El príncipe heredero Alfa está demasiado enamorado de mí - Capítulo 150
—Su Alteza, por favor, haga algo con el príncipe.
Belfry se quejó lastimeramente.
Adrian, que había regresado al Imperio para celebrar el cumpleaños del gran duque, no dejaba de atormentar a Belfry cada vez que se encontraban.
Le restregaba delante de la cara aquel anillo de extraordinaria presencia y presumía: «Nunca te han regalado algo así, ¿verdad?», hasta que Belfry sentía que se le pudrirían los oídos.
—Hizo algo completamente innecesario. Ya de por sí me da miedo entrar al palacio imperial porque ustedes dos no dejan de aferrarse el uno al otro y reafirmar su amor, y ahora se suma «la propuesta de matrimonio que él recibió primero».
No importaba si la propuesta la hacía un Omega o un Alfa, un hombre o una mujer.

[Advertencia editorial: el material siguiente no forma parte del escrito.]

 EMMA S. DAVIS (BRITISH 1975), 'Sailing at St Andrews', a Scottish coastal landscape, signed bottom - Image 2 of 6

Sin embargo, como era costumbre que la persona con el título de mayor rango propusiera matrimonio, la propuesta de Carl Lindbergh causó en el palacio imperial un impacto mayor de lo esperado.
Además, no se trataba de cualquier propuesta, sino de una en la que había entregado toda su fortuna, por lo que se convirtió todavía más en tema de conversación.

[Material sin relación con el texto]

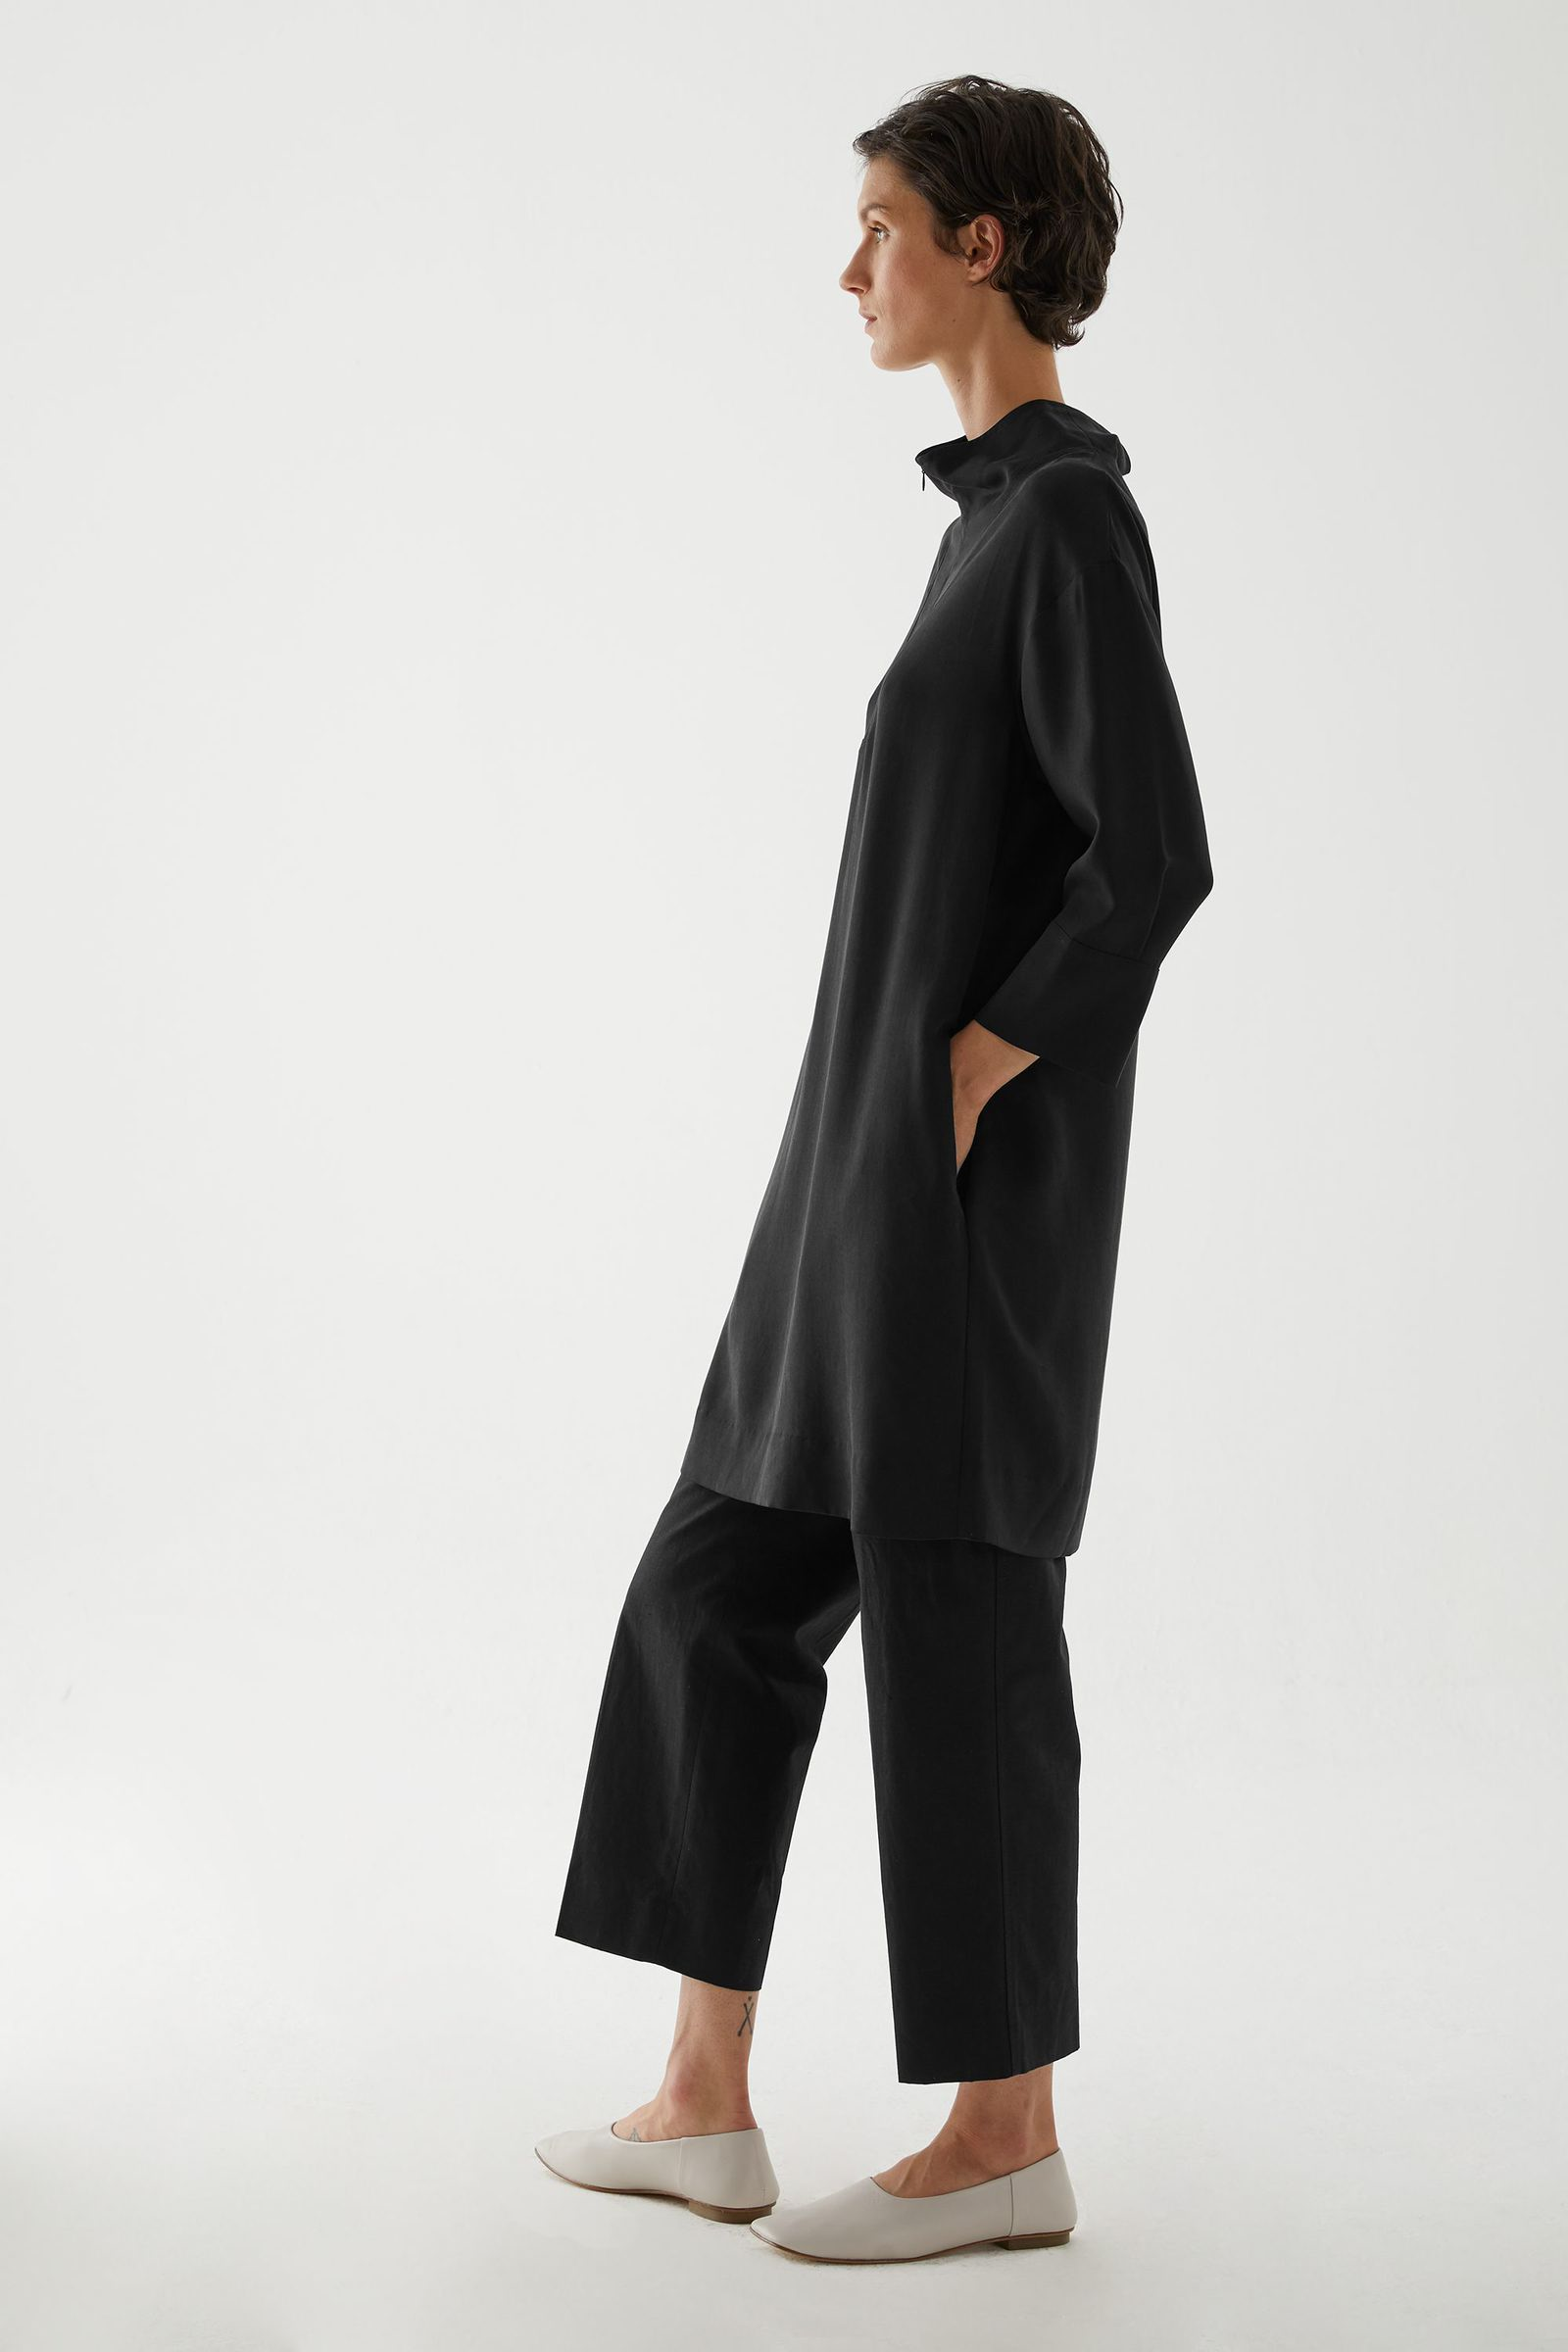 COS 라이오셀 유틸리티 드레스의 블랙컬러 ECOMLook입니다.

Tanto que el emperador había corrido hasta ellos para preguntar repetidas veces si era cierto.
—Todo eso está muy bien, pero debió mantenerlo en secreto ante Su Alteza, la princesa reinante. Ella tiene la costumbre de competir con Su Alteza Adrian.
Por esa razón, Belfry se tiró del cabello.

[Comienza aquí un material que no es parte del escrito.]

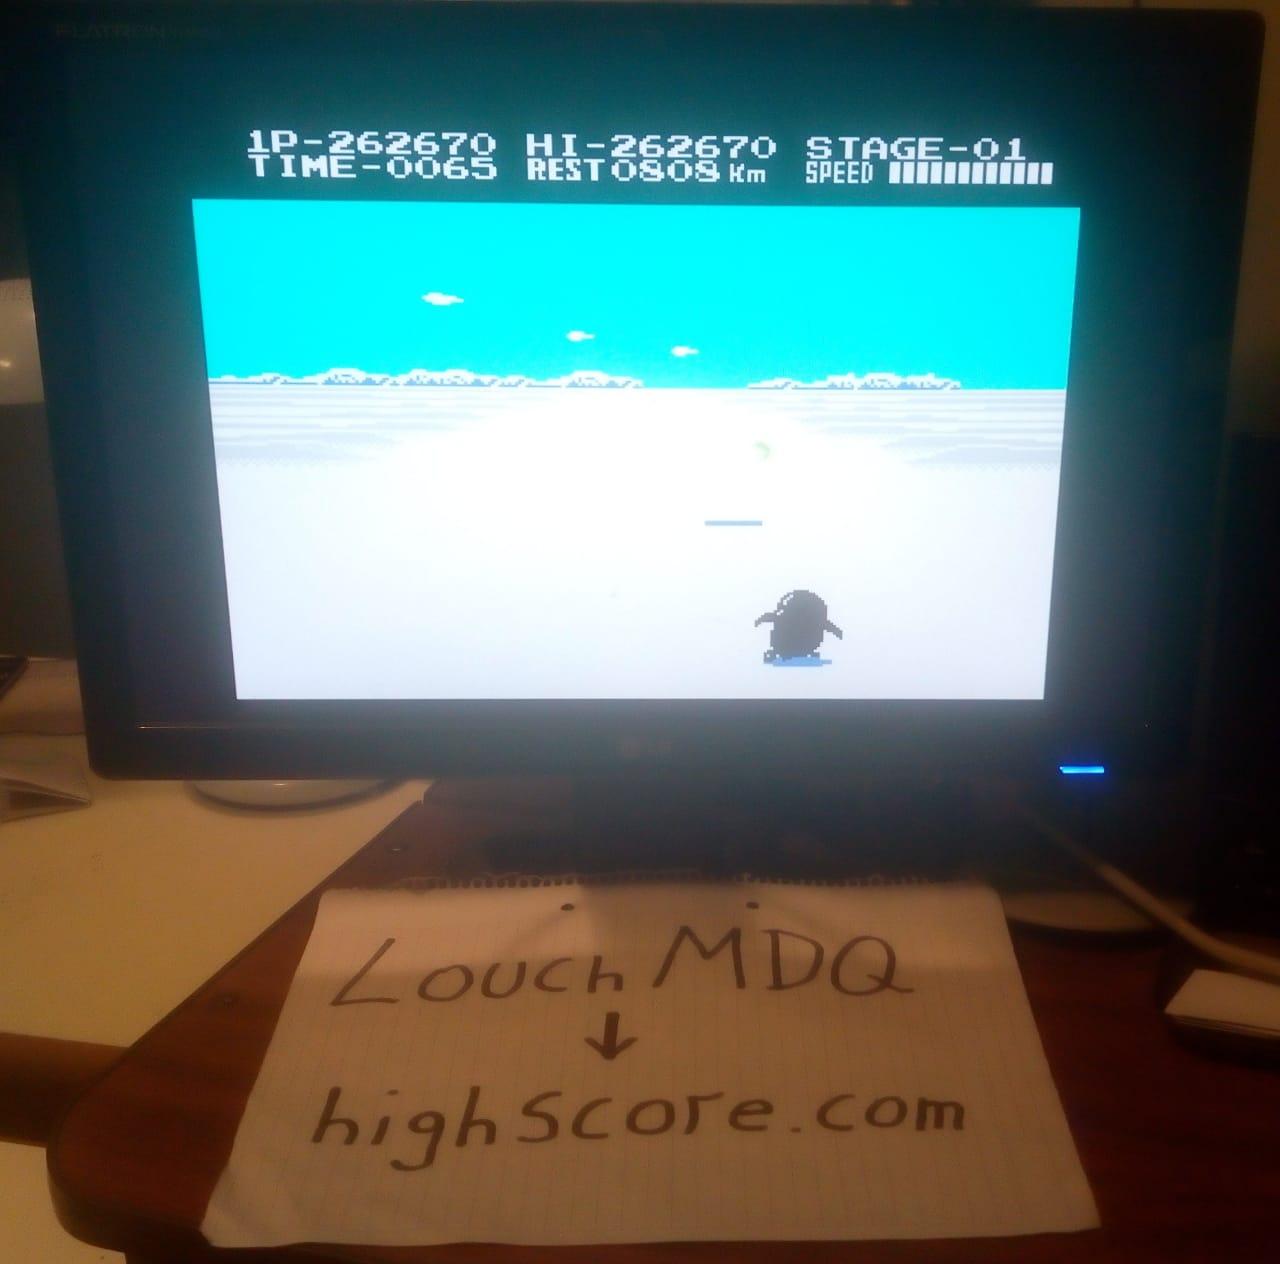 LouchMDQ: Antarctic Adventure: Level 1 Start (NES/Famicom Emulated) 262,670 points on 2020-06-20 17:11:00

El problema no era que ella quisiera recibir una propuesta inspirada en la de Su Alteza Adrian.
Belfry podía hacer algo así por ella en cualquier momento. El problema, el verdadero horror, era que Leia estaba preparando algo todavía más grandioso para él.
—Incluso ahora se escuchan comentarios por todas partes acerca de que una persona tan racional y serena como ella favorece abiertamente a un forastero como yo. Me preocupa que termine reservando un presupuesto especial para la propuesta.
—¿Mi hermana realmente llegaría tan lejos?
—Quiero creer que no, pero, al ver cómo se comporta últimamente Su Alteza, la princesa reinante, no estoy tan seguro.
La ofensiva amorosa de Leia era sorprendentemente audaz e impulsiva.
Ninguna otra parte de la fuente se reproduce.